Letting easy cases exit early
Previous research proposed “early exiting,” in which a model includes small checkpoints between layers. If a checkpoint is already very sure of its answer, the model can stop there rather than pushing the data through all remaining layers. One family of methods decides based on confidence: if the prediction looks very focused on one outcome, the model exits. These approaches are simple and flexible but can lose accuracy when tuned for speed. Another family waits for several layers in a row to agree on the same answer, a “patience” rule that tends to protect accuracy but is sensitive to how many agreements are required, making it tricky to set for different clinical needs.
A hybrid early exit called EPEE
The authors present EPEE, short for Entropy- and Patience-based Early Exiting, which blends these two ideas.
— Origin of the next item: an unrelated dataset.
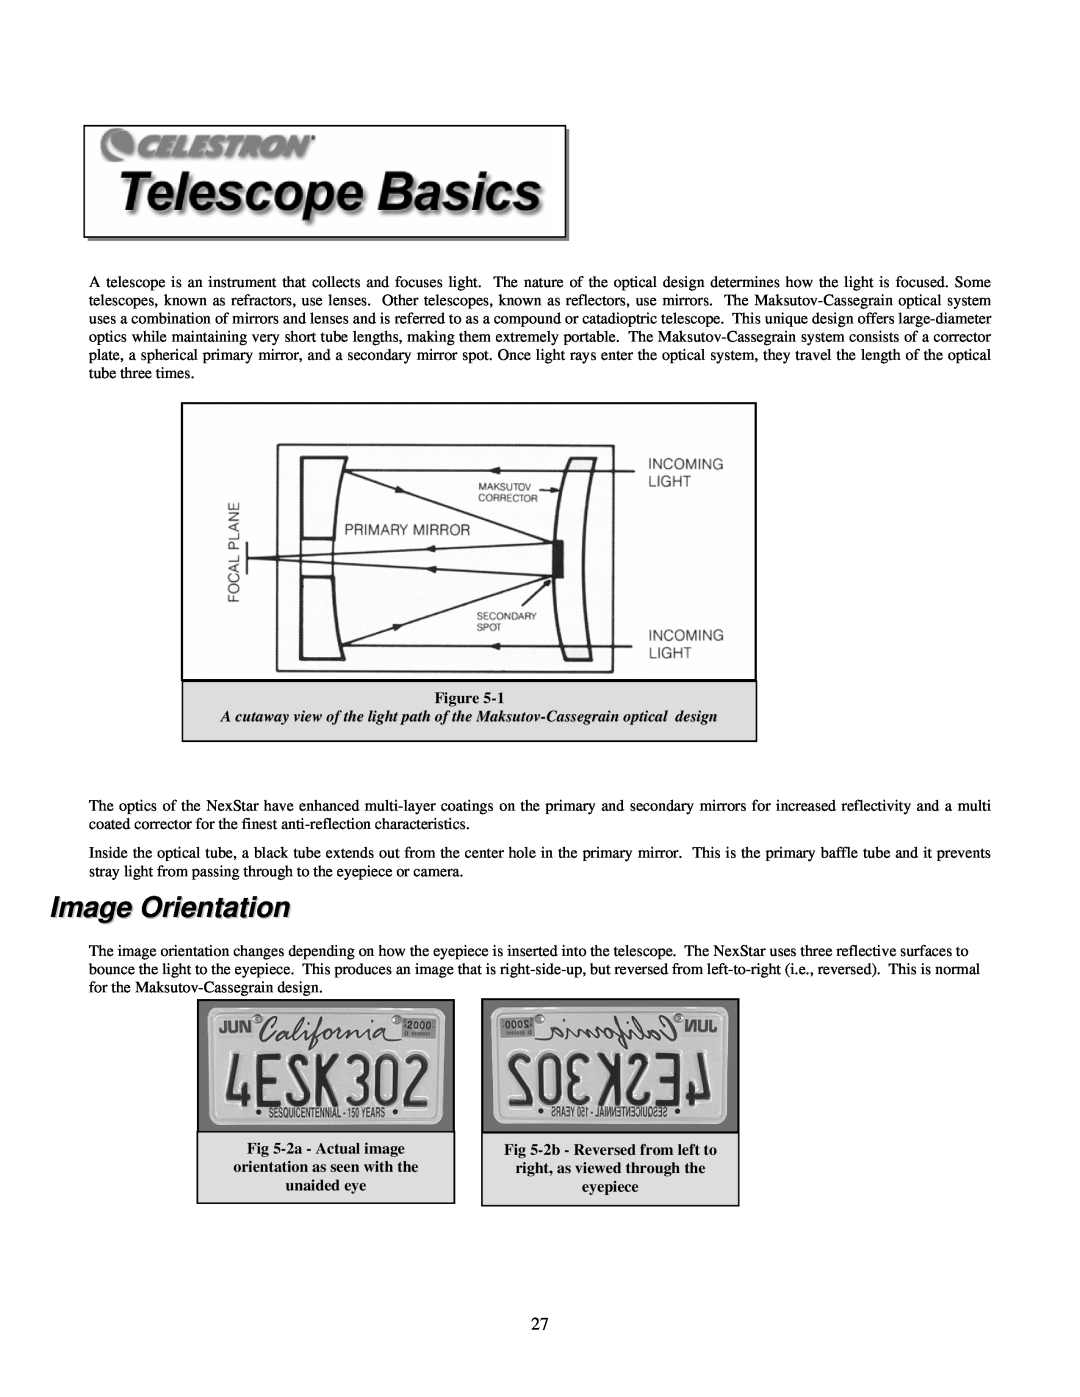 Celestron 4SE instruction manual Image Orientation, 2a - Actual image orientation as seen with the unaided eye, eyepiece

At every layer of a transformer model, EPEE attaches a lightweight classifier. The system checks two simple conditions: is the current prediction very confident, and have recent layers been consistently making the same call? If either condition is met, the model stops and returns the result. By adjusting how “confident” is defined and how many repeated agreements are required, users can tune both speed and caution. Importantly, the authors show that the old confidence-only and patience-only methods are just special cases of this more general strategy.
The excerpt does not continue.